Renorm-group, Causality and Non-power Perturbation Expansion in QFT

TL;DR

This paper introduces an invariant analytic approach to perturbative QCD, transforming the coupling to eliminate ghost singularities and exploring non-power expansions for observables, which may improve the understanding of nonperturbative effects.

Contribution

It develops a new invariant analytic method for QCD perturbation series, replacing power expansions with non-power sets to better incorporate nonperturbative structures and reduce scheme dependence.

Findings

The invariant analytization removes ghost singularities from the coupling.

Non-power expansions can better capture nonperturbative effects.

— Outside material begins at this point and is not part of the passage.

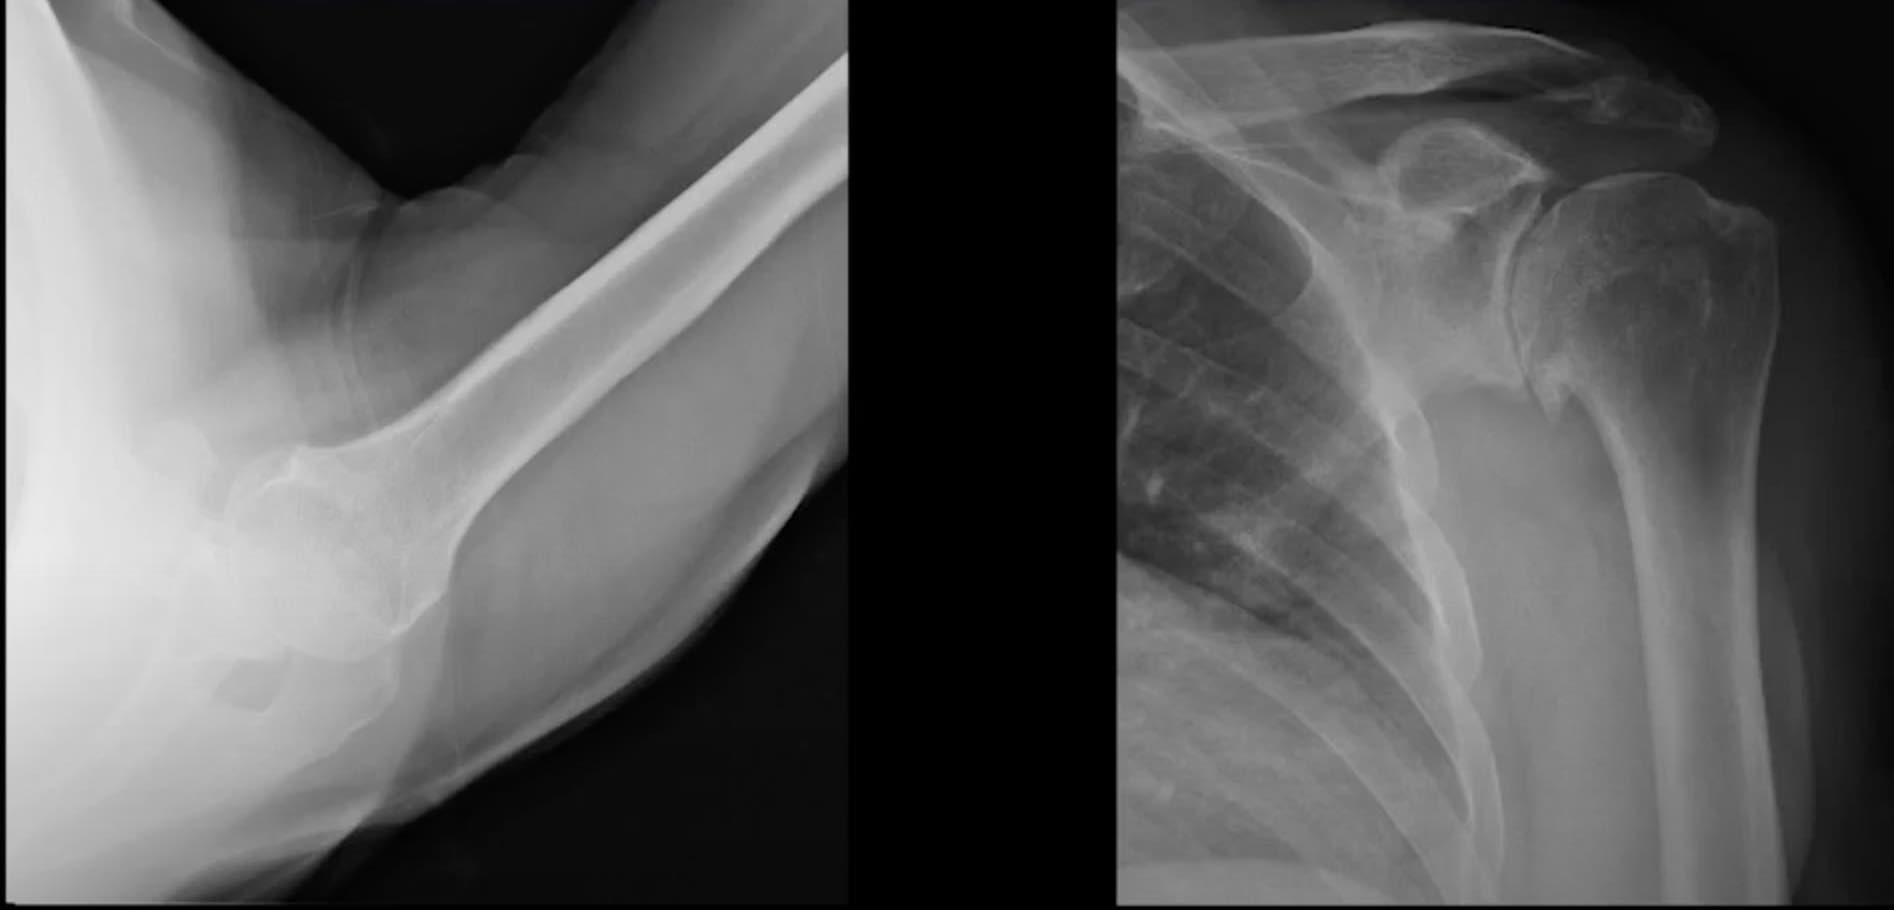 Preop x-rays from a stemless shoulder replacement surgery performed by Dr. John Macy

The approach reduces scheme dependence of QCD observables.

Abstract

The structure of the QFT expansion is studied in the framework of a new "Invariant analytic" version of the perturbative QCD. Here, an invariant (running) coupling $a(Q^2/\Lambda^2)=\beta_1\alpha_s(Q^2)/4\pi$ is transformed into a "$Q^2$--analytized" invariant coupling $a_{\rm an}(Q^2/\Lambda^2) \equiv {\cal A}(x)$ which, by constuction, is free of ghost singularities due to incorporating some nonperturbative structures. Meanwhile, the "analytized" perturbation expansion for an observable $F$, in contrast with the usual case, may contain specific functions ${\cal A}_n(x)= [a^n(x)]_{\rm an}$, the "n-th power of $a(x)$ analytized as a whole", instead of $({\cal A}(x))^n$. In other words, the pertubation series for $F(x)$, due to analyticity imperative, may change its form turning into an {\it asymptotic expansion \`a la Erd\'elyi over a nonpower set} $\{{\cal A}_n(x)\}$. We analyse sets of functions $\{{\cal A}_n(x)\}$ and discuss properties of non-power expansion arising with their relations to feeble loop and scheme dependence of observables. The issue of ambiguity of the invariant analytization procedure and of possible inconsistency of some of its versions with the RG structure is also discussed.